> _PROMPT_
Below is a listing; repeat exactly the lines from the one containing "A car drives" to the one containing "Aveda Invati Advanced ™ Exfoliating Shampoo", both included.

*** DATA FOR THIS TASK

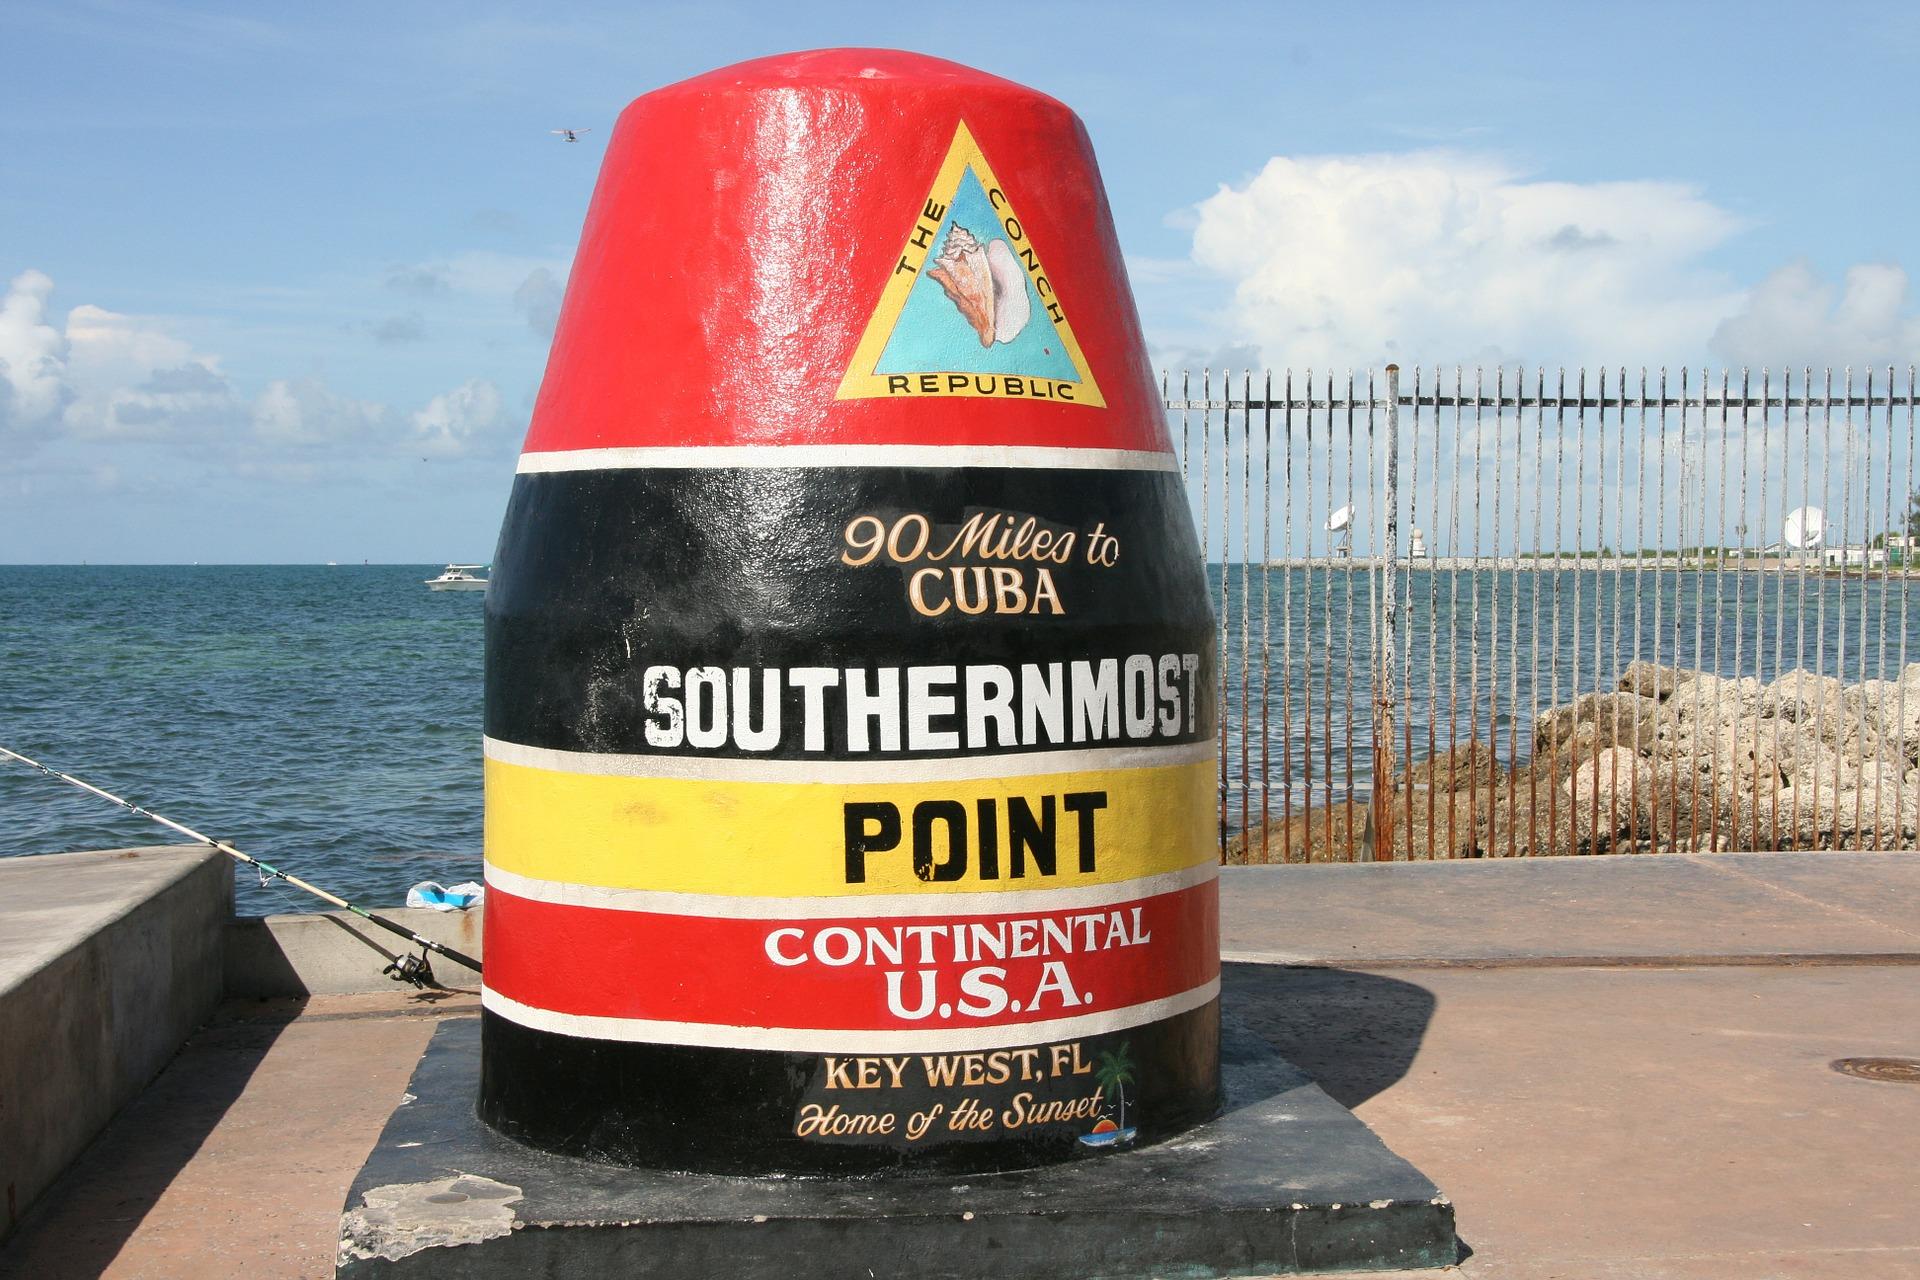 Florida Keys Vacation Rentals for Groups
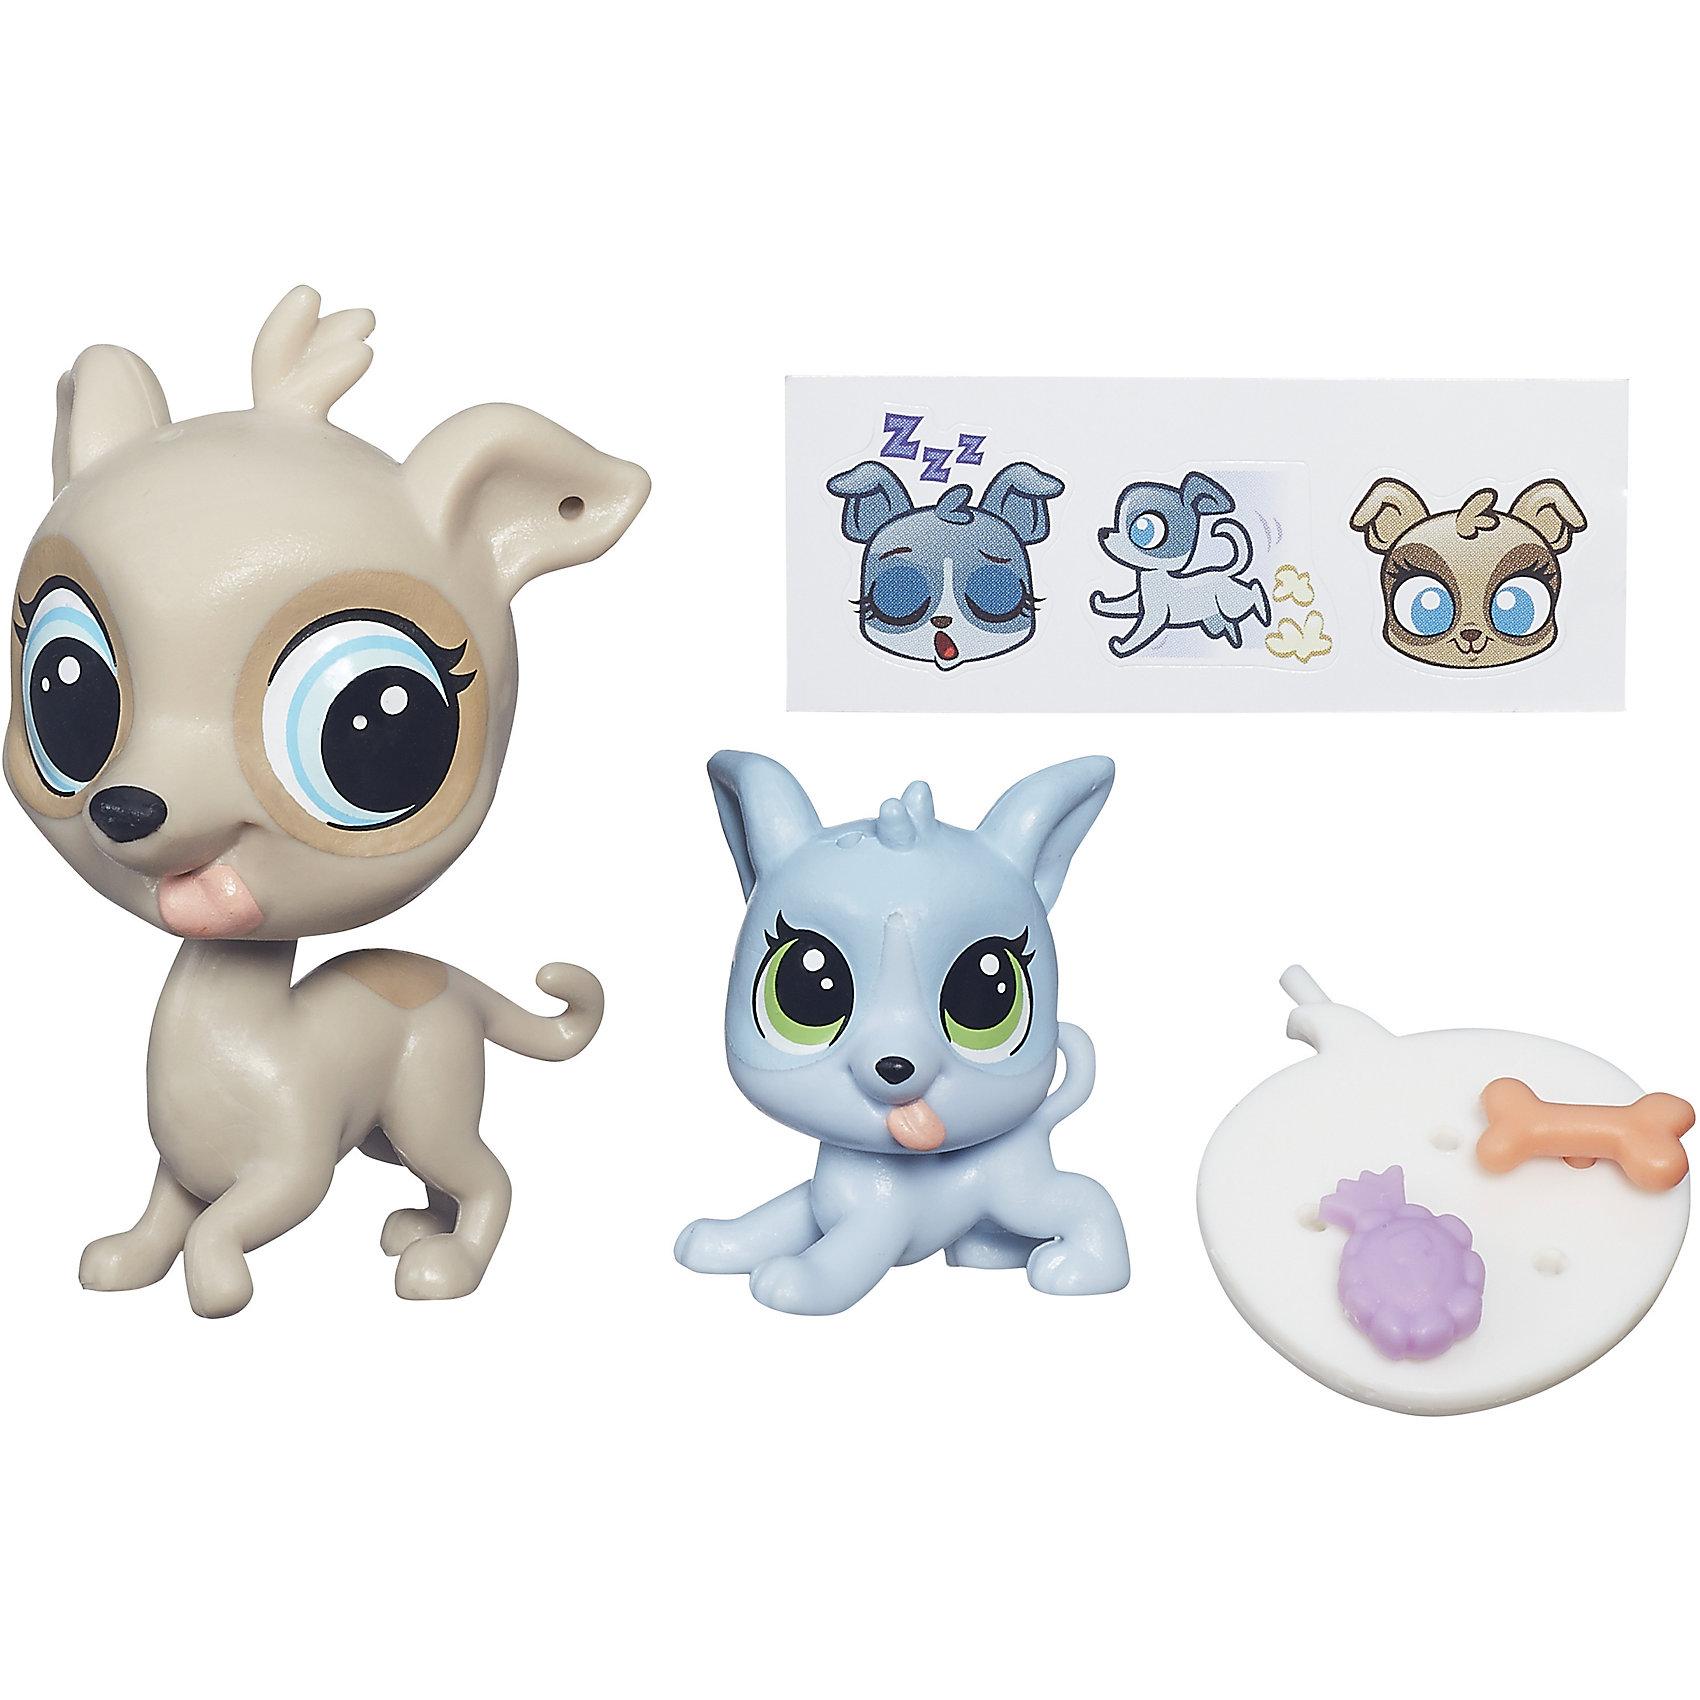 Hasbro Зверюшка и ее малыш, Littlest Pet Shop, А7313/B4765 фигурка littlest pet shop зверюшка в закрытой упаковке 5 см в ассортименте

******
*** DATA FOR THIS TASK

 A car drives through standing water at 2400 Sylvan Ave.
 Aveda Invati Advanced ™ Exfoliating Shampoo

******

> _RESULT OF THE TASK_
 A car drives through standing water at 2400 Sylvan Ave.
 Aveda Invati Advanced ™ Exfoliating Shampoo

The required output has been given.